4.1.1 The following are not good cause to refuse to accept instructions:
(a) any grounds of discrimination prohibited by law including those set out in section 21 of the Human Rights Act 1993:
(b) any personal attributes of the prospective client:
(c) the merits of the matter upon which the lawyer is consulted.
(Emphasis added)
So basically, as long as the Crown prosecutor had time to do the work, it was in her field of law, it didn't require her to breach professional obligations, and the Crown could pay, she would have been unable to refuse to act.
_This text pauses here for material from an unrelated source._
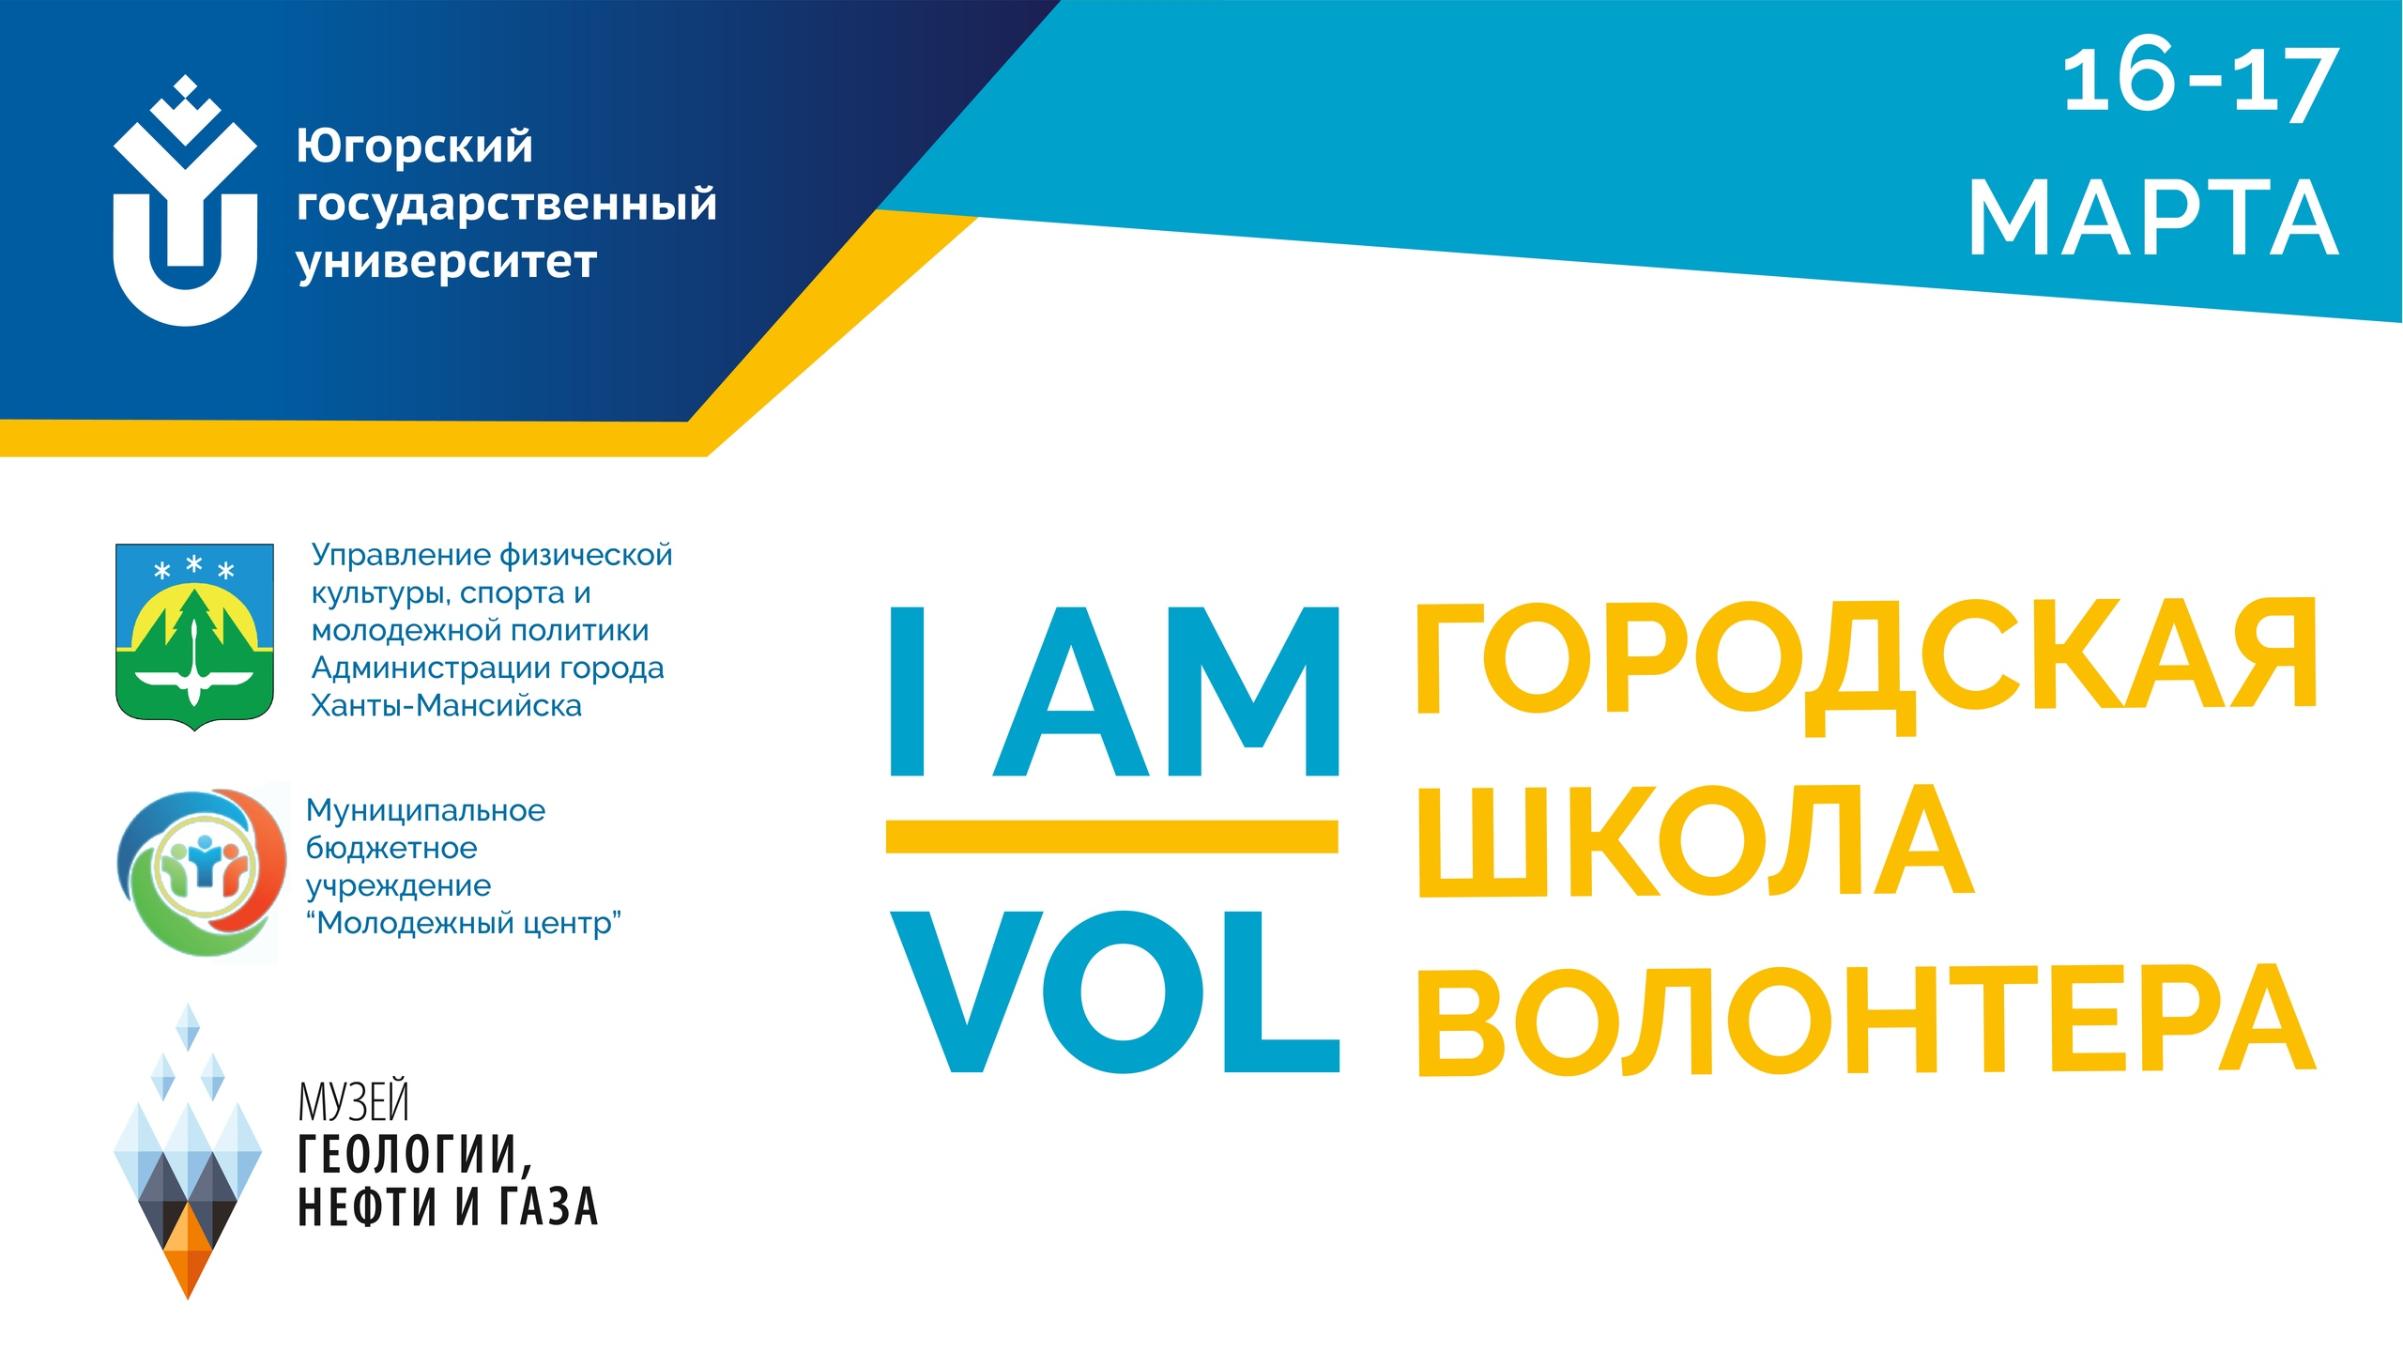 16-17 марта в Музее геологии, нефти и газа пройдет Городская школа волонтера «I am VOL».

Once she had agreed to act, her professional obligation - and that of Clayton Weatherston's lawyers - was to fight for her client, or as the Rules put it:
to act in accordance with all fiduciary duties and duties of care owed by lawyers to their clients:
to protect, subject to overriding duties as officers of the High Court and to duties under any enactment, the interests of clients
This is what sets us apart from other legal systems, in which the lawyer does have a choice whether or not to act. In my view, this is a good thing. I do not particularly want to work within a system that allows lawyers to make moral judgements about clients or prospective clients.
I don't think there is a lawyer in New Zealand who has not had to represent a client whose position is diametrically opposed to the lawyer's personal views. But we take our obligations very seriously. As you saw above, the fundamental obligation is an overriding duty as officers of the High Court.
This means that it is our overriding duty to the Court to bring the relevant law to its attention and to make the very best argument we can in line with our client's instructions, in order that the Court can make the best decision in the circumstances.
That is the reason people say we are just doing our job. If you don't like the legal arguments we are bringing (for example the provocation defence) then work to change the law so that those arguments cannot be made. But if they are available and relevant, and we do not make them based on a moral judgment, we are in serious breach of our obligation to our client and to the Court. And that is simply not acceptable.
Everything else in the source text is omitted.